If one parent plans to move away after the divorce, it can complicate custody arrangements. Courts will consider the impact of the move on the child’s life, including their relationship with the other parent, school and community ties.

3. Child’s preference

Once a child reaches a certain age or maturity level, the court may take their preferences into account. This varies by location and is typically considered alongside other factors.

4. Parental alienation

3.4 of 1,000 Florida marriages end in divorce, often because of irreconcilable differences and incompatibility. This often leads to hostile relationships after the divorce. Courts pay attention to cases of parental alienation, where one parent tries to turn the child against the other. This behavior may result in the alienating parent receiving limited visitation rights.

5. Co-parenting skills

A parent’s ability to work cooperatively with the other parent can be a factor in custody decisions. Courts often favor parents who show an ability to communicate effectively and make joint decisions in the child’s best interests.

6. Stability and consistency

Maintaining a stable and consistent environment for the child is important. Frequent moves, job changes or lifestyle choices that disrupt the child’s routine can negatively affect custody decisions.

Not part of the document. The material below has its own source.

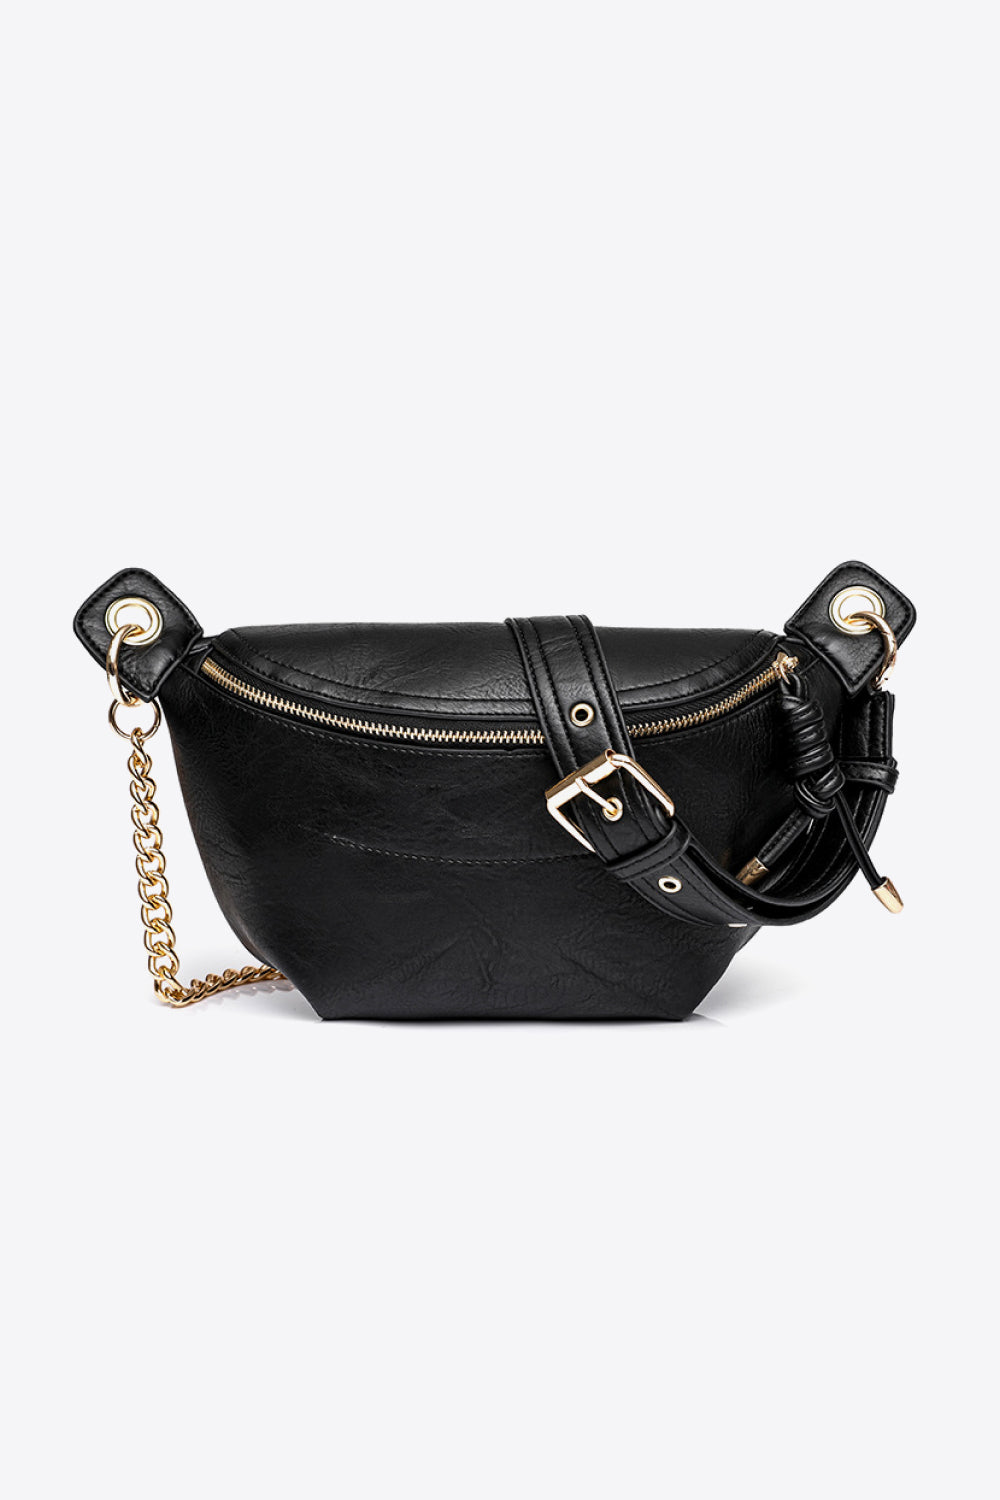 PU Leather Chain Strap Crossbody Bag Black One Size

7. Extended family relationships

Courts may consider the child’s relationship with extended family members, such as grandparents, aunts, uncles and cousins when making custody decisions. These relationships can provide emotional support and stability for the child.

8. Educational support

Multiple studies show that divorce has a negative effect on a child’s educational achievement. The parent who can provide the child with better educational opportunities and support may have an advantage in custody disputes.